### TASK TO CARRY OUT
Would you retype the whole listing verbatim, keeping pictures out of it?

### INFORMATION SUPPLIED
┏━━

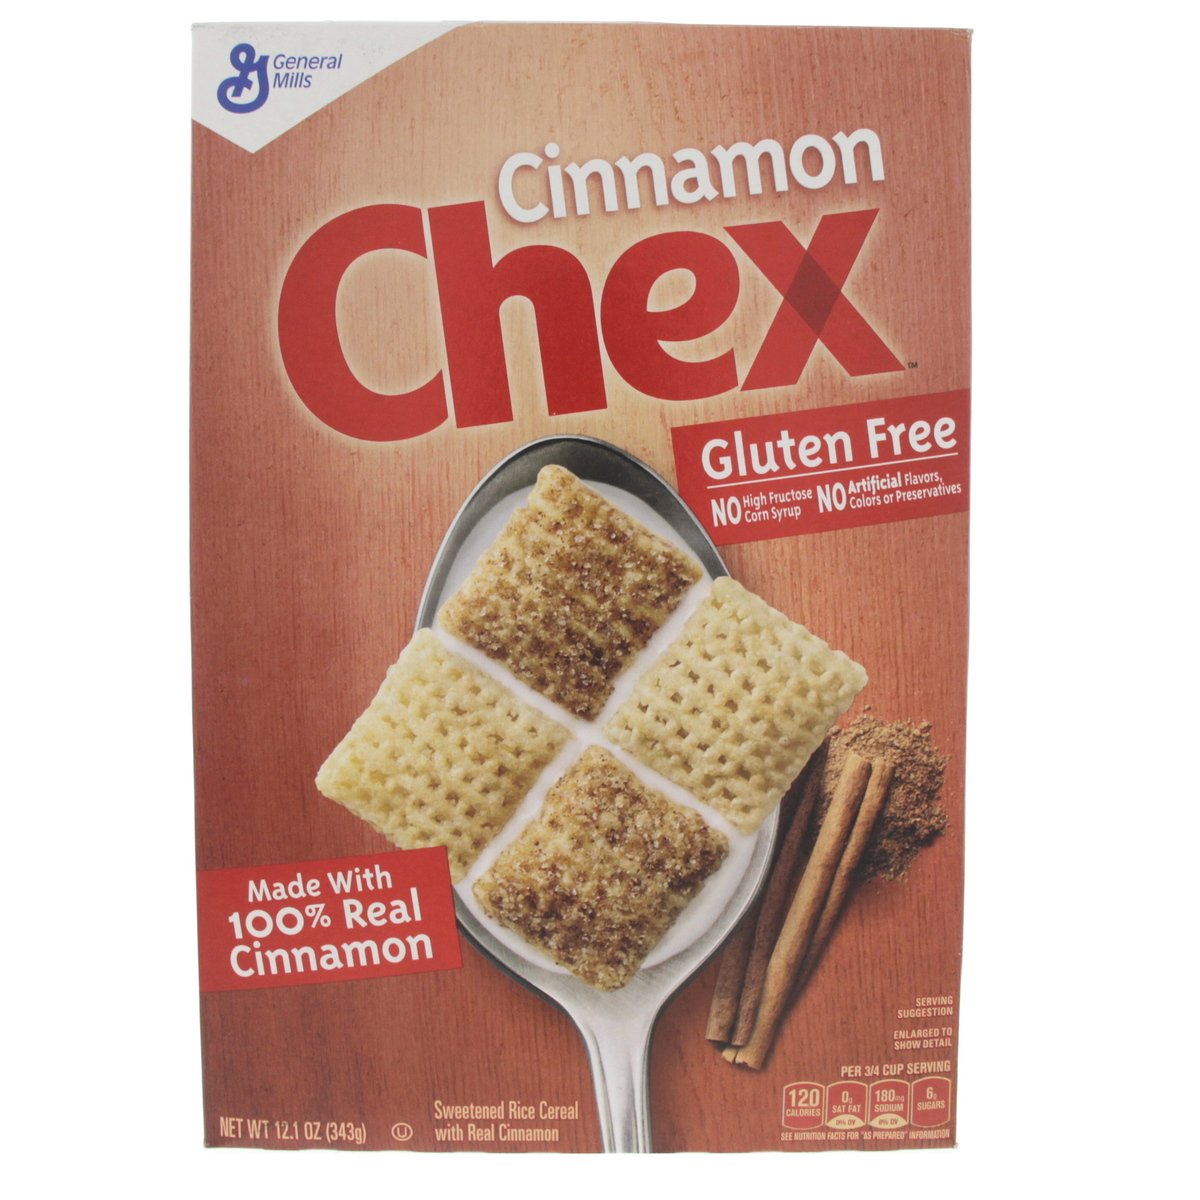 General Mills Cinnamon Chex Sweetened Rice Cereal 343 g
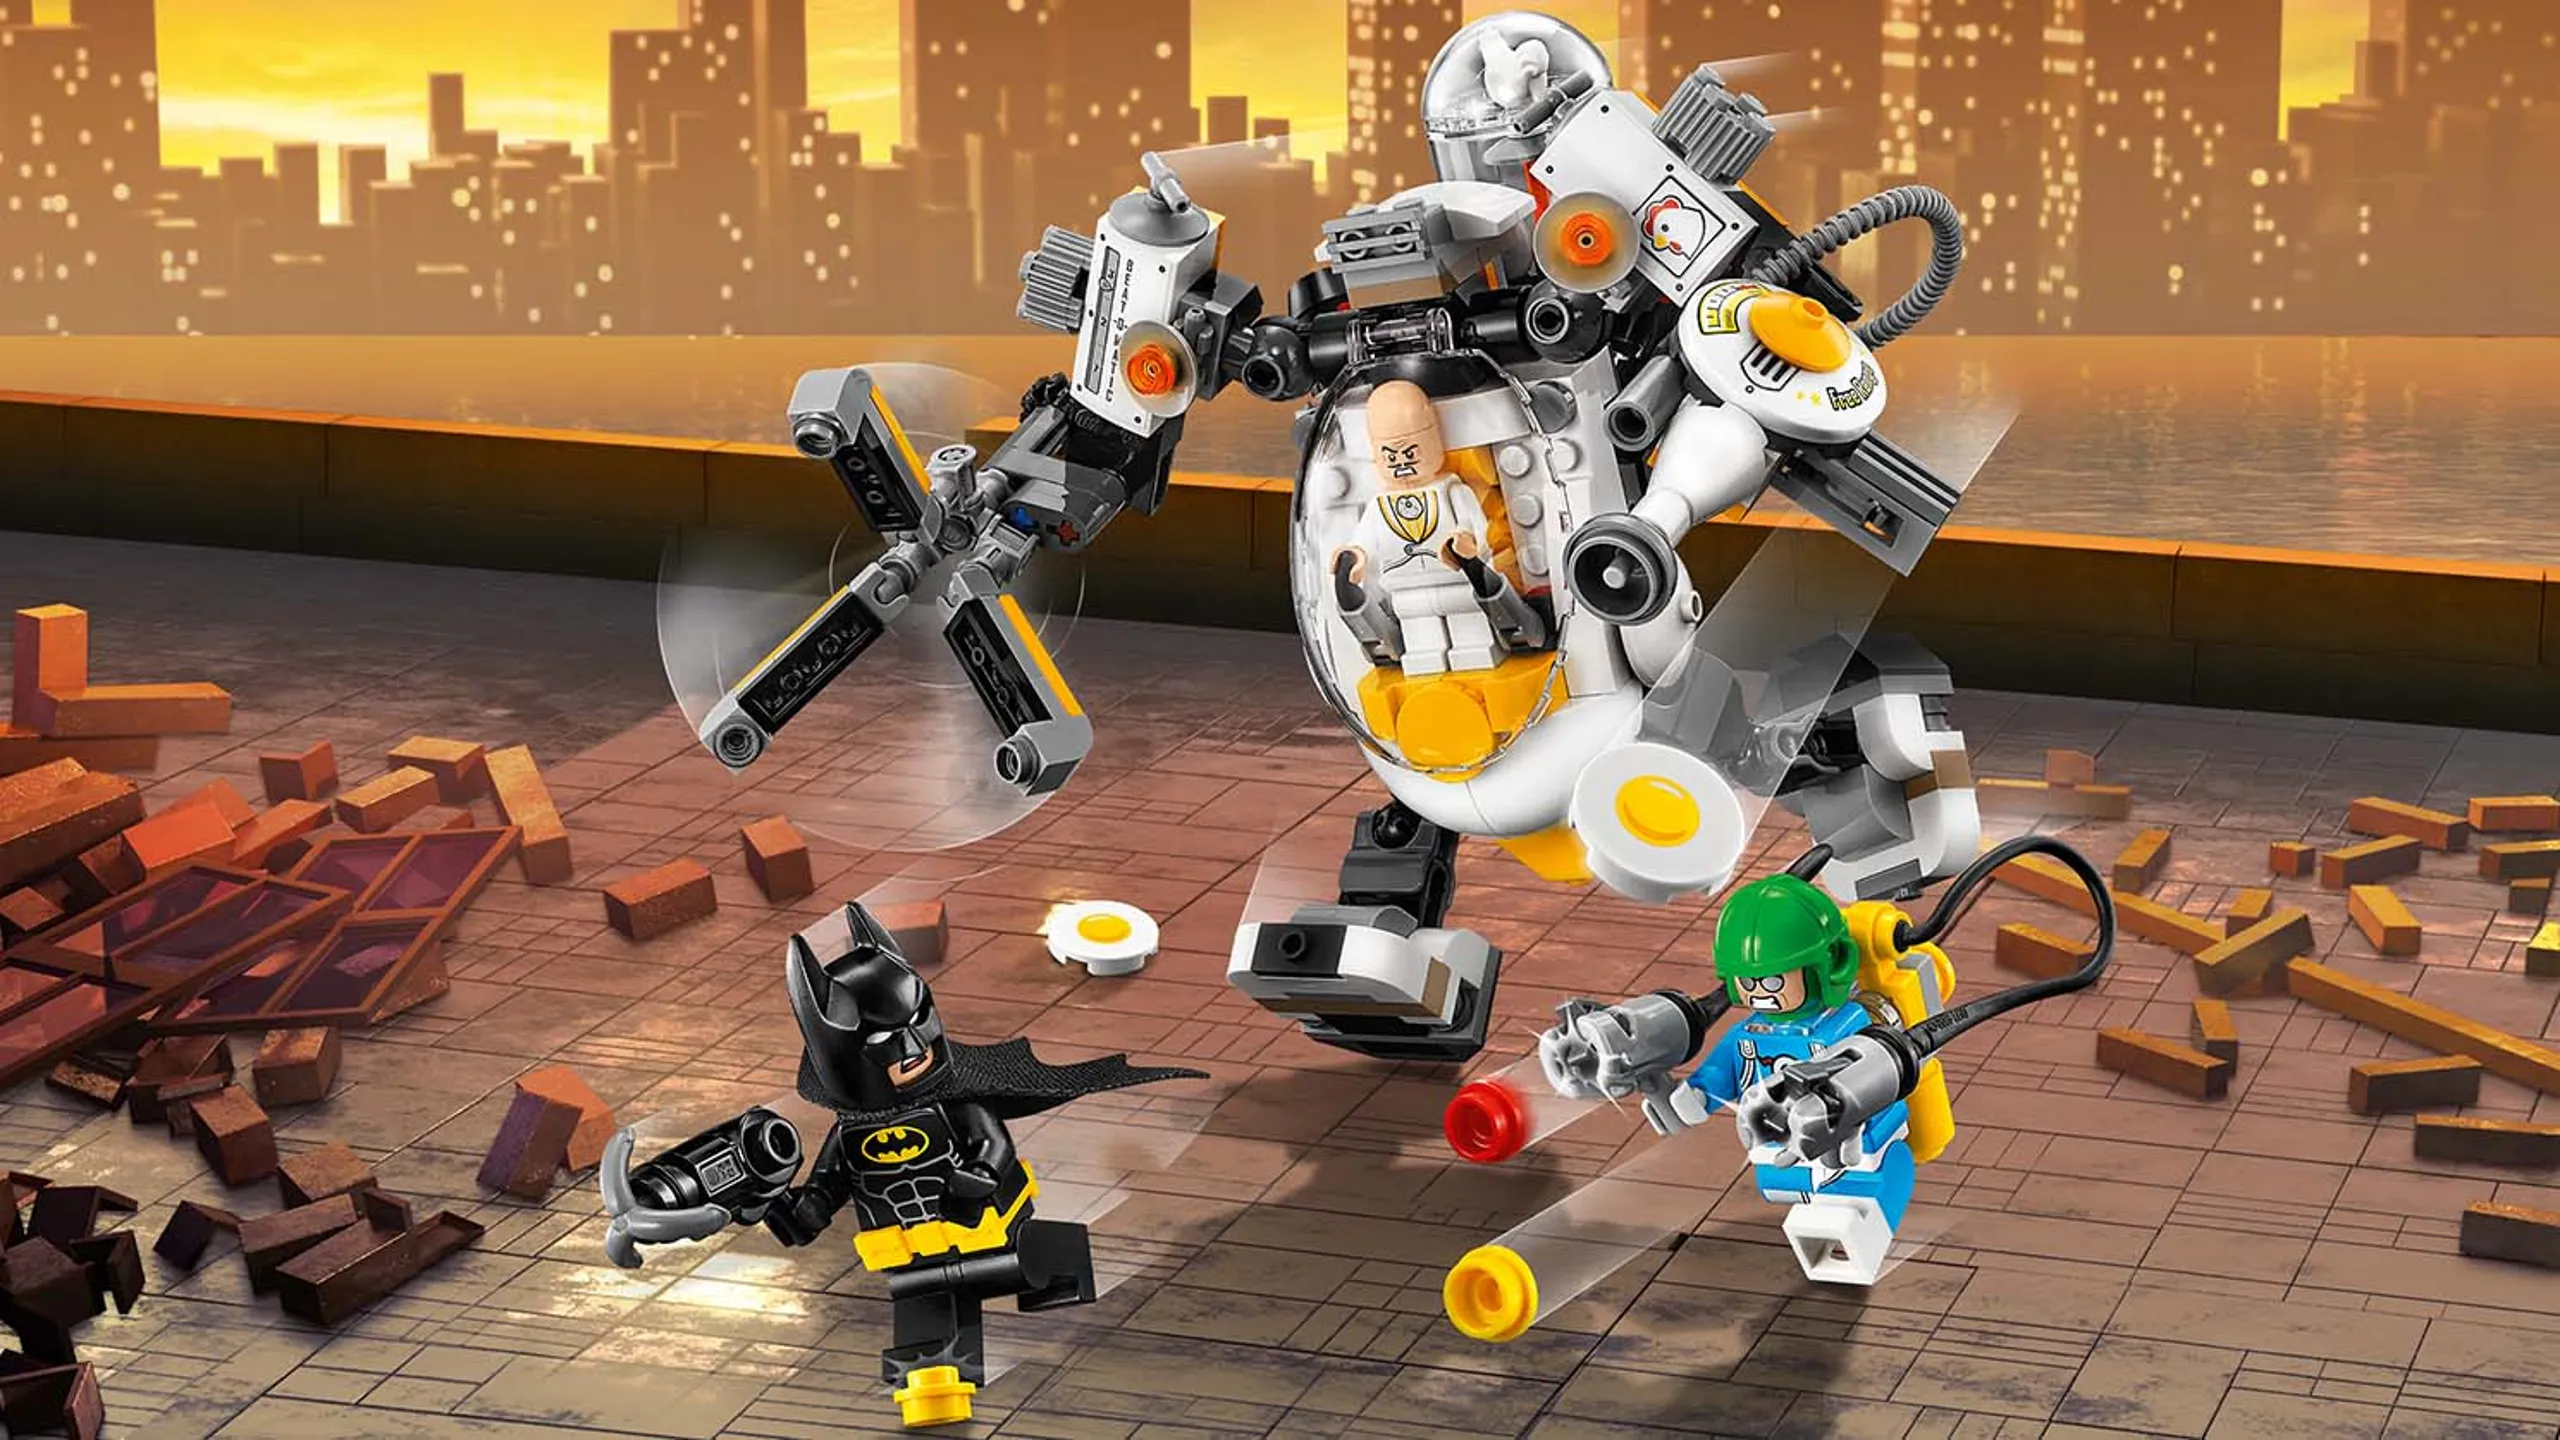 LEGO Batman Movie Egghead Mech Foodfight - 70920 - Batman gets in trouble when Egghead and Condiment King fights him in a foodfight
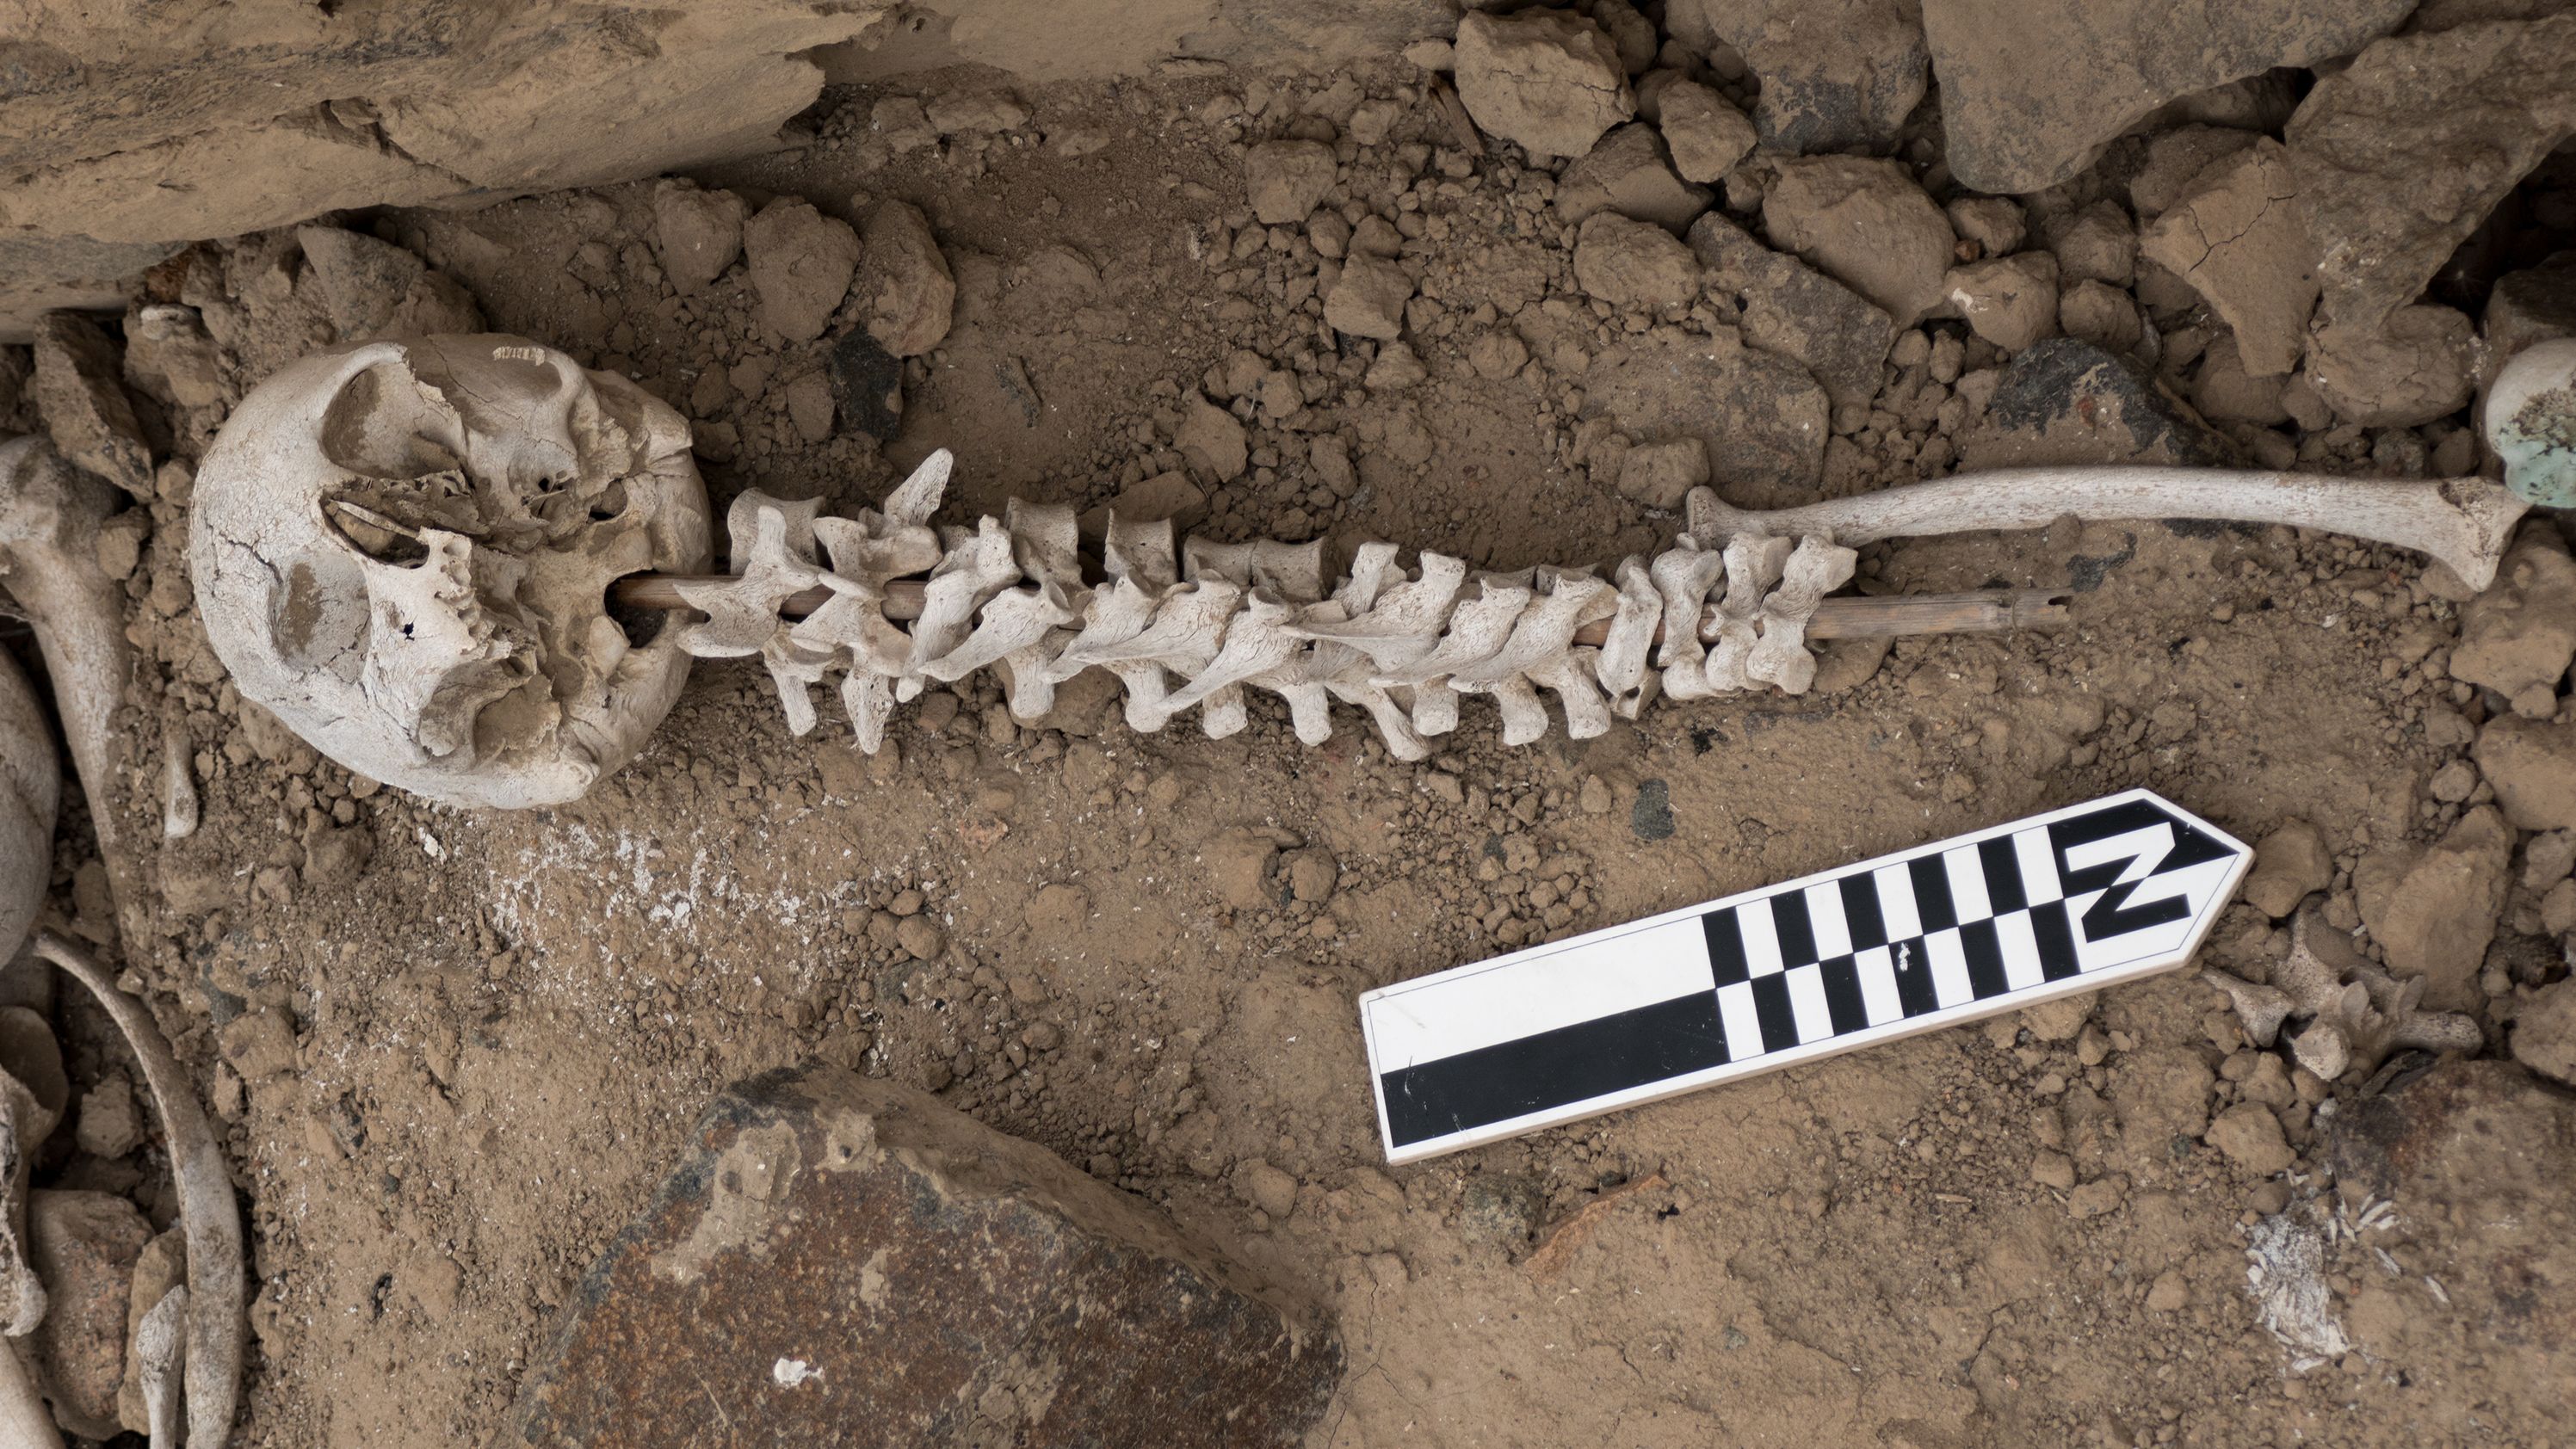 A vertebrae-on-post was inserted into a cranium, as found within a "chullpa."

┗━━

### EXERCISE RESULT
 General Mills Cinnamon Chex Sweetened Rice Cereal 343 g
 LEGO Batman Movie Egghead Mech Foodfight - 70920 - Batman gets in trouble when Egghead and Condiment King fights him in a foodfight
 A vertebrae-on-post was inserted into a cranium, as found within a "chullpa."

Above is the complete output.